О мир, вожделенный паче всего! О благодать, вожделенная прежде всего! – ибо мир есть единосущное чадо благодати.

Будучи призван принести ныне Господу начаток общения с сею Церковию, по воле Его, молю всех, Богоугодно стоящих теперь в сем общении, соединить взаимно все сердца в крепком желании «благодати и мира от Бога Отца нашего и Господа Иисуса Христа». Единодушная молитва сопастырей и всех верных да привлечет свыше благодать и мир новому пастырю, дабы он с силою и действием мог возвещать пастве благодать и мир. «Благодать Господа нашего Иисуса Христа со духом вашим, братие» (Гал. VI, 18); «и мир Божий, превосходяй всяк ум, да соблюдет сердца ваша и разумения ваша о Христе Иисусе» (Фил. IV, 7). «Сам Господь мира да даст вам мир всегда во всяком образе» (2Сол. 3:16), как во внутреннем, так, по действию внутренняго, и во внешнем. Мир пасущим стадо Божие, – в христианском послушании пасомых; мир пасомым, – в отеческом и братском попечении пасущих. Мир начальствующим, – в верности подчиненных; мир подчиненным, – в мудрости и кротости начальствующих. Мир судящим, – в непритворной искренности судимых; мир судимым, – в прозорливости и безпристрастии судящих. Мир продающим и купующим, – во взаимном отвращении от лукавства и обмана. Мир делающим и трудящимся, – в благословенном успехе полезнаго делания и в обильном плоде труда праведнаго. Мир всем! Аминь.

15. Слово в день торжественнаго венчания и священнаго помазания на царство Благочестивейшаго Государя Императора Александра Павловича

(Говорено в Московском Успенском соборе сентября 15 дня; напечатано в собраниях 1822, 1835, 1844 и 1848 гг.) 1821

Не прикасайтеся помазанным Моим. Псал. 104:15.

Среди торжества о Помазаннике Божием, при воспоминании помазания Его, ко времени слово о помазанных Божиих.

И какое слово! Пророк, между «судьбами Божиими по всей земли», отличая особенную судьбу помазанных, не довольствуется собственным указанием на то очевидное действие сея судьбы, что Бог «не оставил человека обидети их» (Псал. 104:14); Он отверзает небо и дает услышать оттоле творческое слово, созидающее их безопасность: «не прикасайтеся помазанным Моим».

Под именем «помазанных» в сем изречении первоначально разумеются некоторые начальники избраннаго Богом племени. Но поелику тоже имя помазанных тем же Словом Божиим усвоено предержащим властям, от Бога поставленным, то мы не погрешим теперь, если, возведя ум свой на небо, представим себе, что Царь царей и Господь господей, с высочайшаго Престола Своего, указует на всех помазанных от Него властителей, и заповедует всем подвластным: «не прикасайтеся помазанным Моим!»

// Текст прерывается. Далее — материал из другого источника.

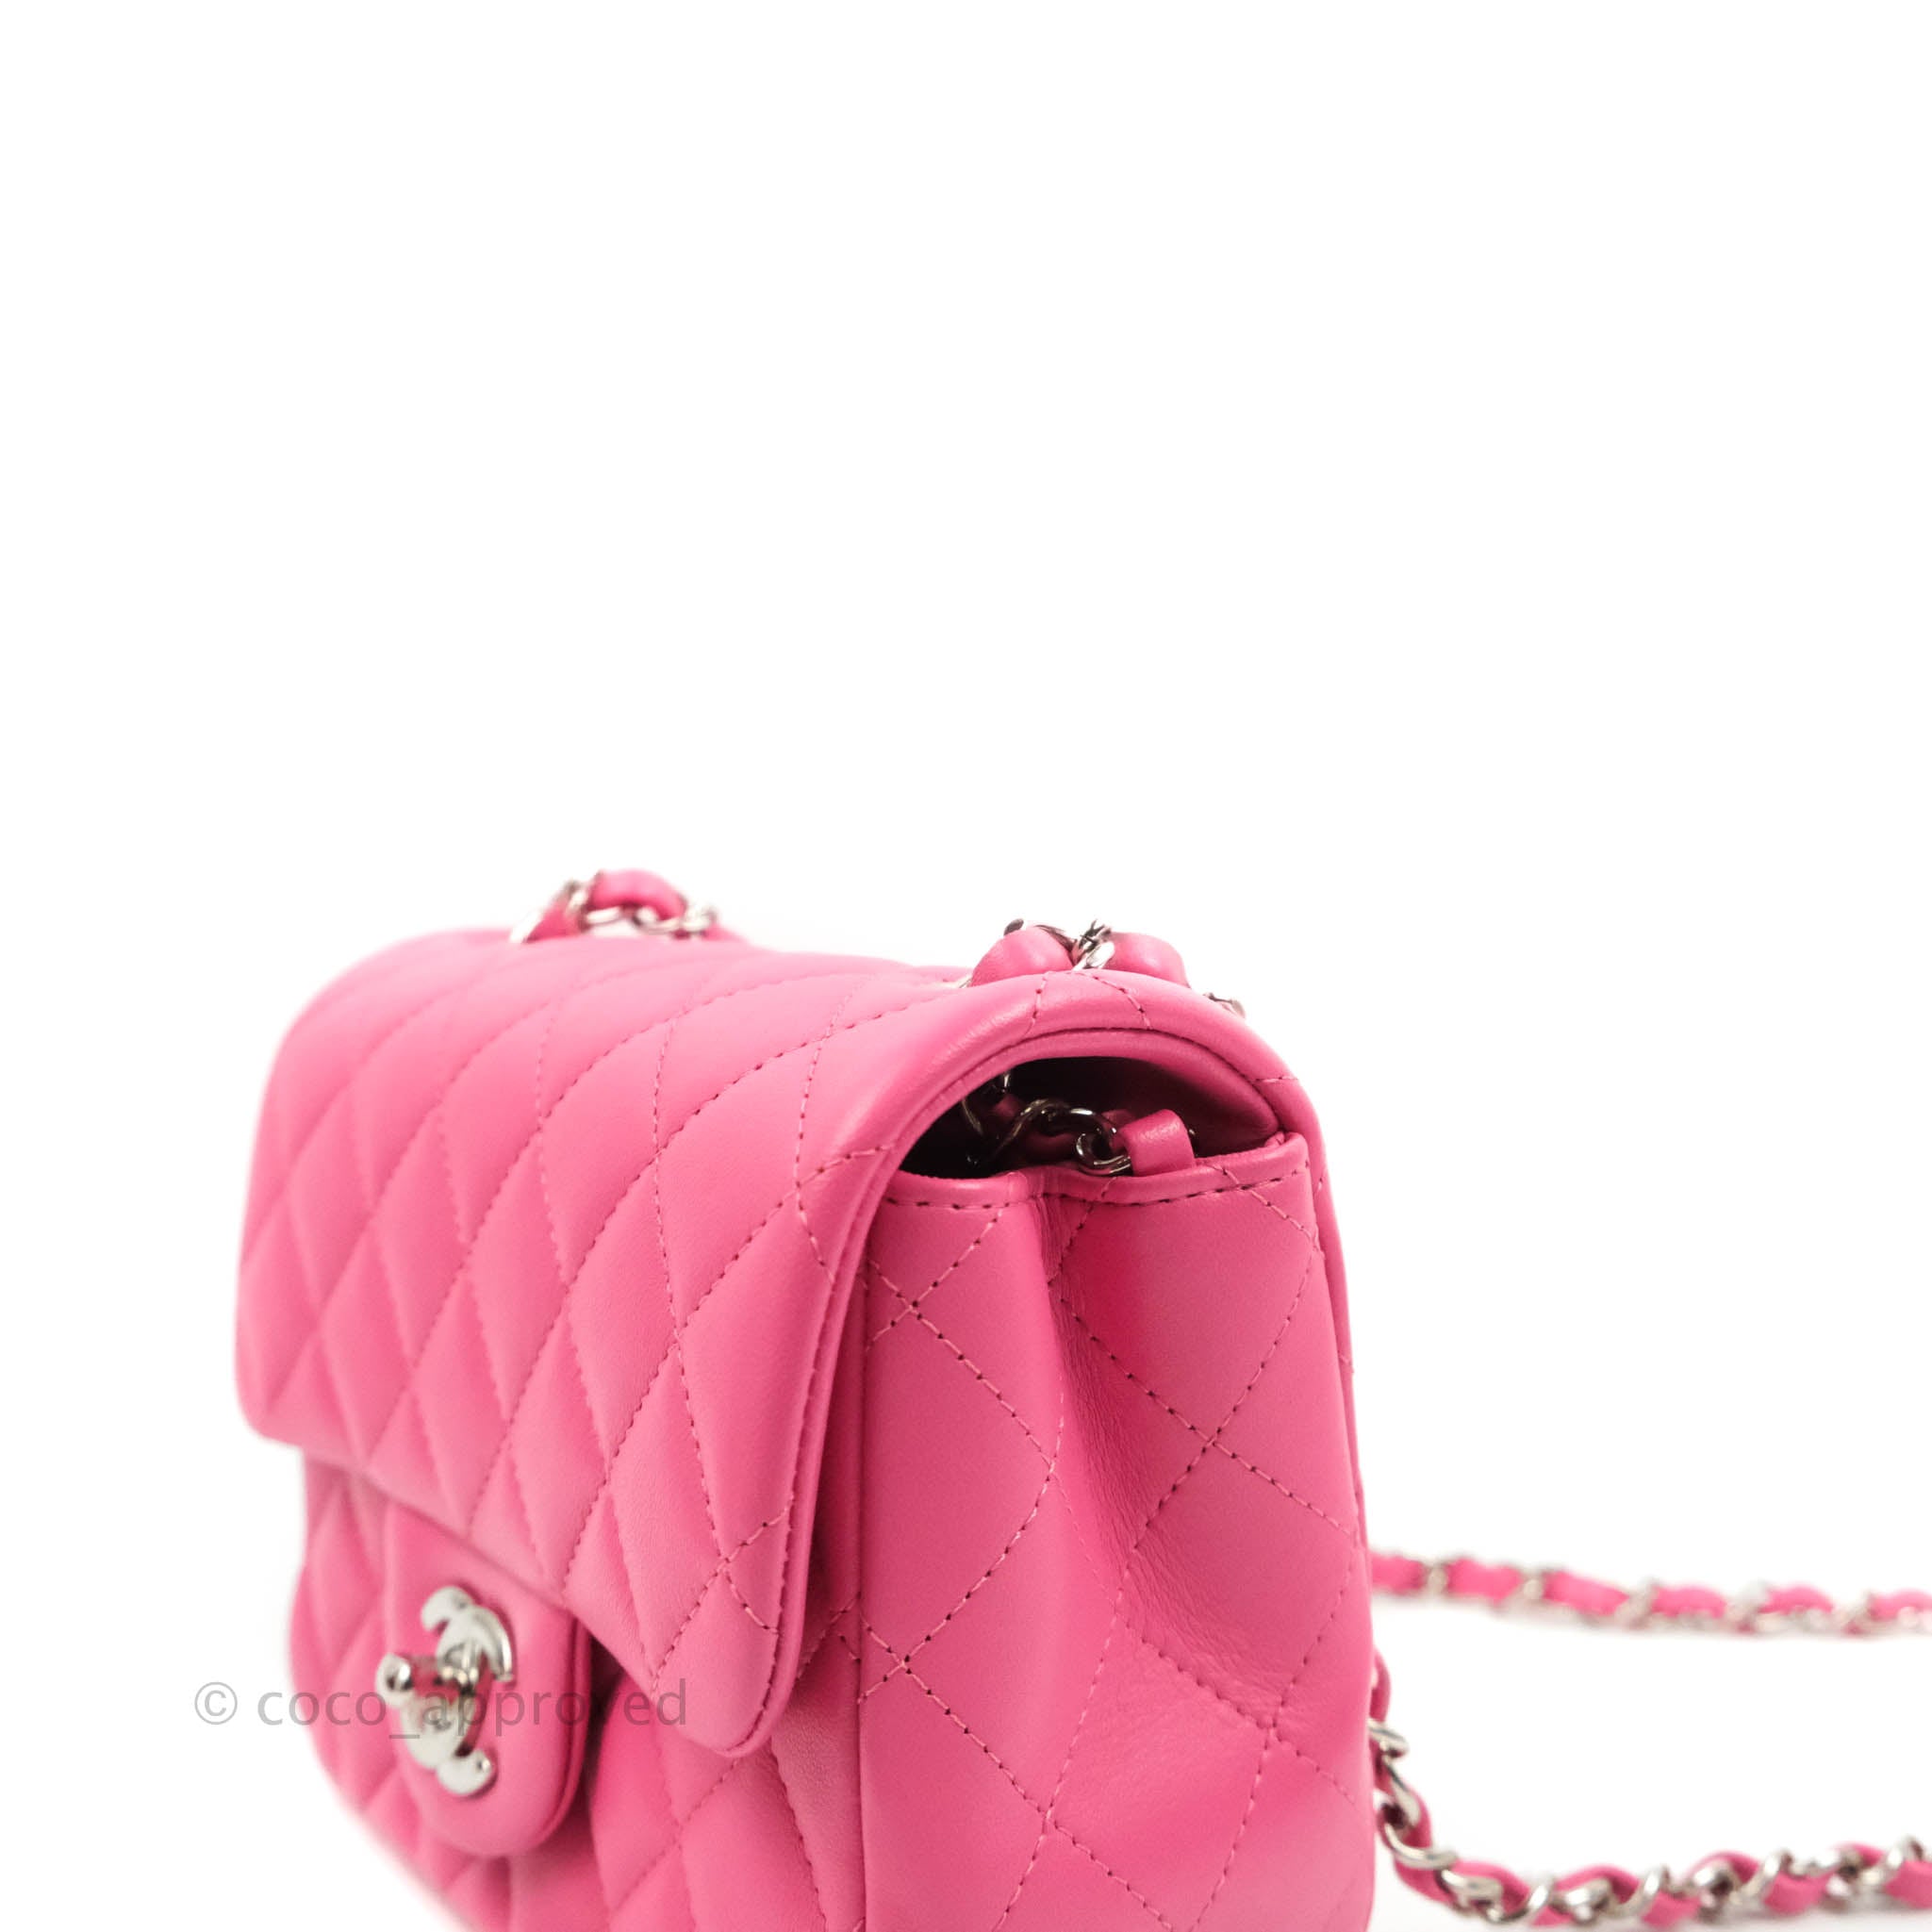 chanel bag with adjustable chain
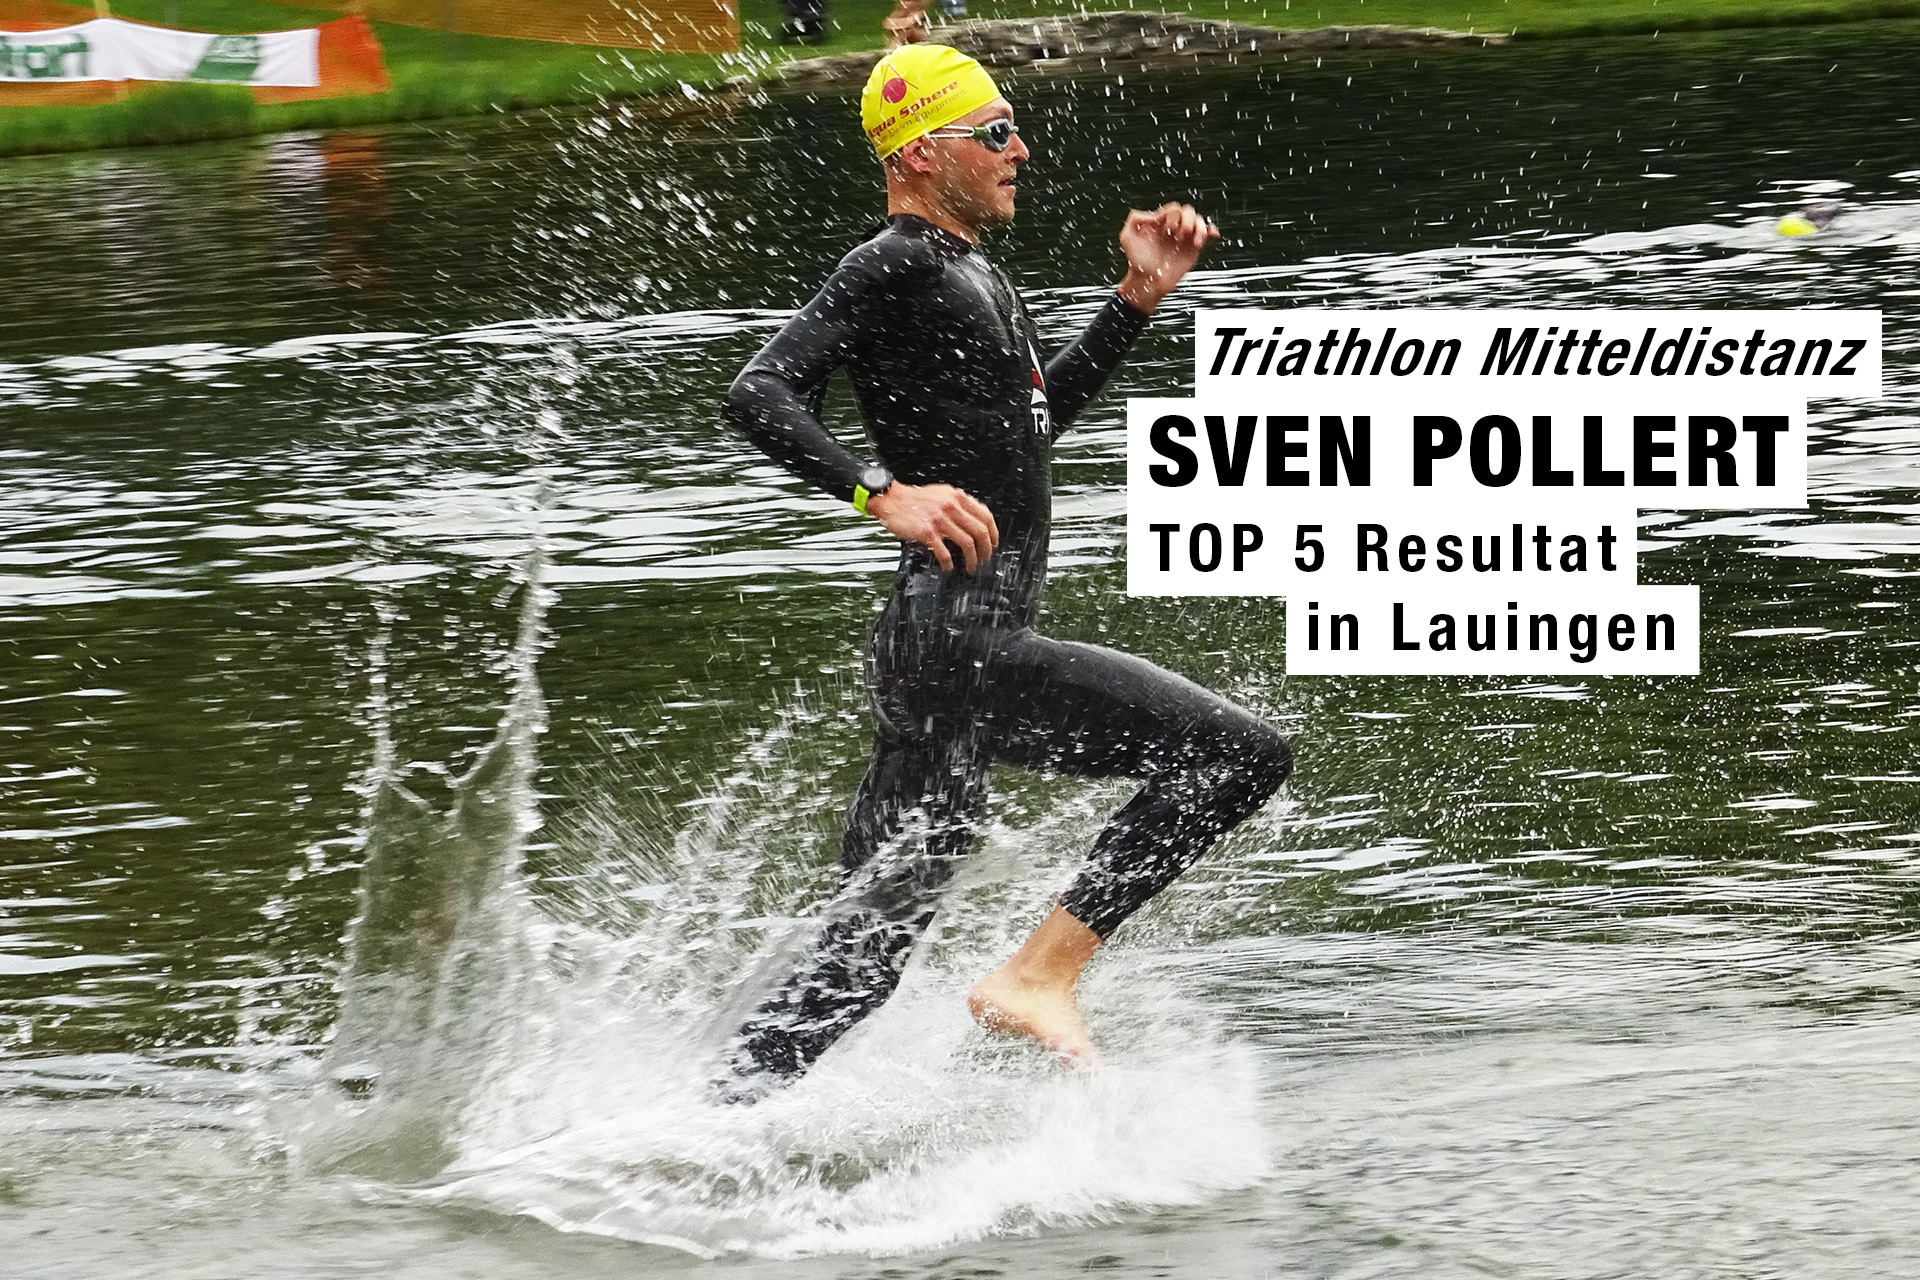 TRIATHLON LAUINGEN SVEN POLLERT BEI DER MITTELDISTANZ TOP 5 / 1st Out of Water after 2100 m © Sven Pollert

Не удивительно, что громовым гласом нужно было возвещать сию заповедь народам языческим, глухим для кроткаго слова Божия. Кто бы подумал, что для Христианских народов нужно будет вновь написать ее кровию христианских народов? Но она написана кровию и огнем на жесткой скрижали Европы; и в просвещенном веке есть мудрецы, которые доныне еще не умеют прочитать сих грозных и вместе спасительных письмен!

Благочестивые Россияне! кто, как вы ныне, «творит молитвы, моления, прошения, благодарения... за Помазаннаго Царя и за всех, иже во власти суть» (1Тим. 2:1–2): тот, если делает сие искренно и усердно, являет делом, что на сердце его написан закон благоговения и любви к помазанным Божиим. Посему можно быть уверену, что здесь нет никого, для кого бы нужно было заповедь о неприкосновенности помазанных Божиих проповедывать, как новую заповедь. Но как во время заразы желающие предохранить себя умножают очистительный огнь и курение, так во времена, когда зараженный дух века распространяет мнения тлетворныя, не безполезно и нам размышлением воздувать хранящуюся у нас искру истины, дабы чистыми и неповрежденными сохранить чувствования сердечныя.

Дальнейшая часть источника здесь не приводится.